Defense lawyers say Marshall had the legal power to give himself gifts with his mother's money, and she was lucid when she changed her will to benefit her only child. He consulted with attorneys throughout, they noted.
"I think the fairest way to think about it is that there is a man who, maybe, felt entitled – and in hindsight felt too entitled – but he's not somebody who simply stuck his hand in the cookie jar when no one was looking," defense lawyer John R. Cuti said as he argued for leniency for Marshall.
Marshall didn't testify or call any witnesses at his trial. After his conviction, he aired details of his life – from childhood sorrows to his current health problems – and lined up some celebrity supporters of his own in a bid to stay free. Friends Al Roker and Whoopi Goldberg were among more than 70 people who wrote to the court praising him.
Meanwhile, a fight over Astor's estate continues in civil court, pitting Marshall against several charities. It was on hold during the criminal case.

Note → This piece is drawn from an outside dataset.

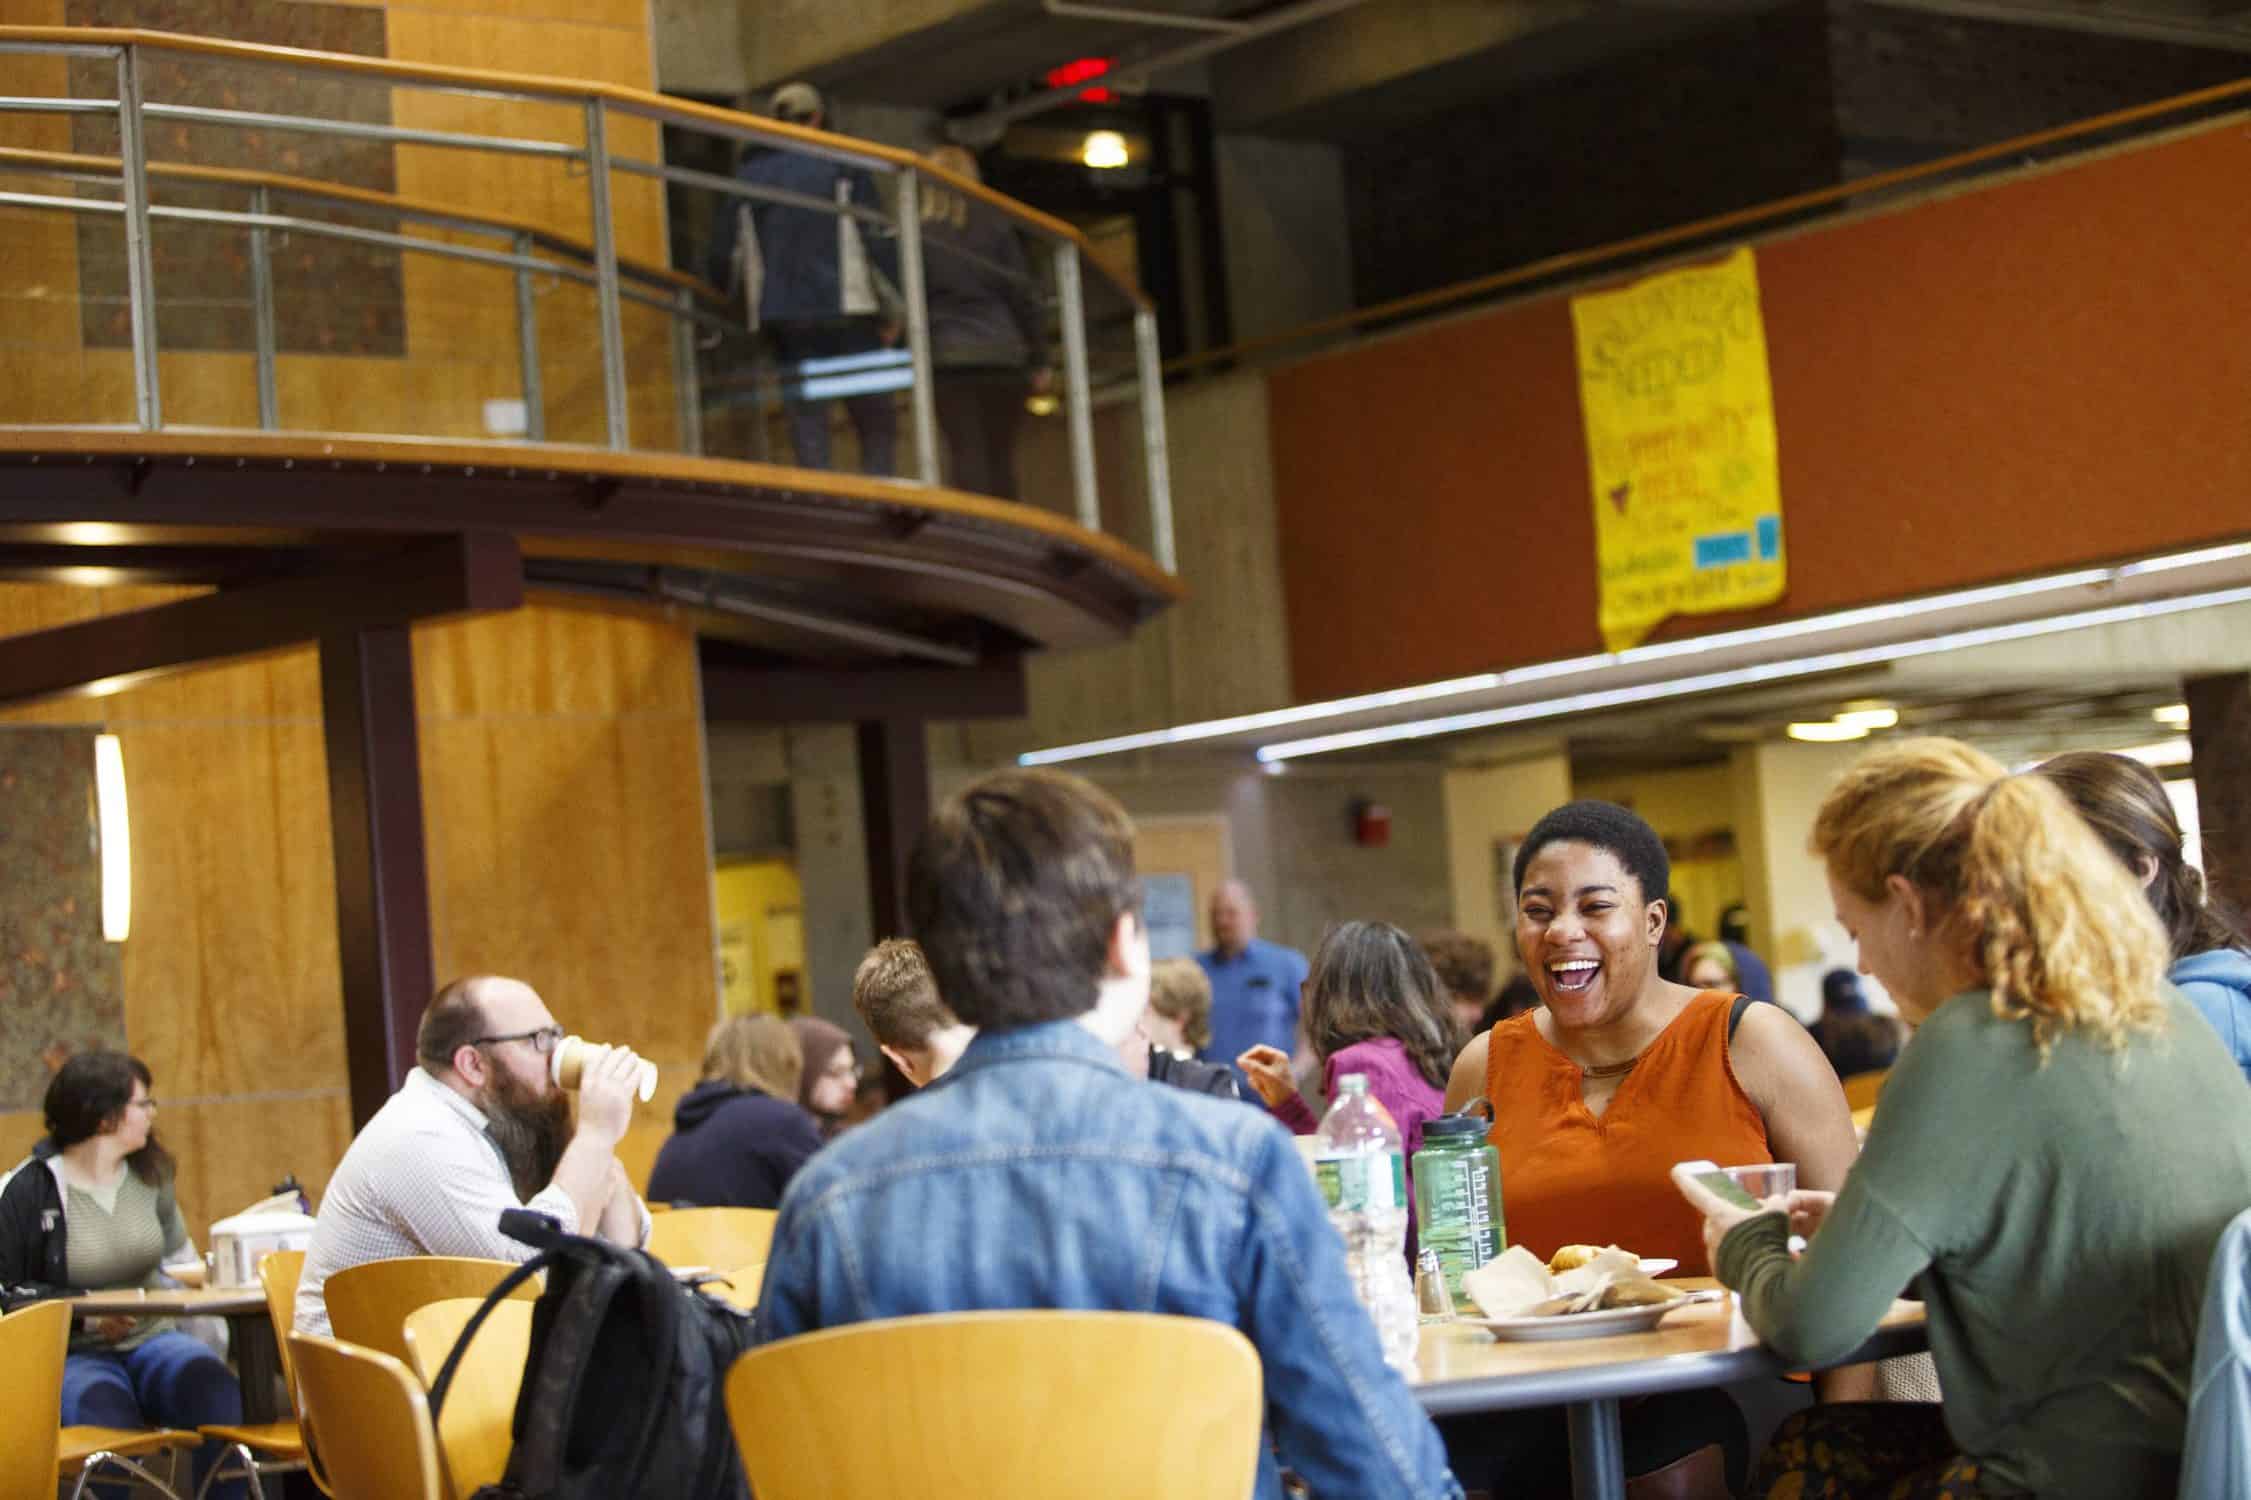 Students enjoy a delicious meal in the dining hall

Citing the will fight, Bartley turned down prosecutors' request to force Marshall to pay more than $12 million and Morrissey more than $237,000 as restitution.
Astor was seen as the queen of New York society and a power in the city's philanthropic scene, supporting such grand institutions as Carnegie Hall and such humble needs as a new boiler for a youth center. Her efforts won her a Presidential Medal of Freedom, the nation's highest civilian honor, in 1998.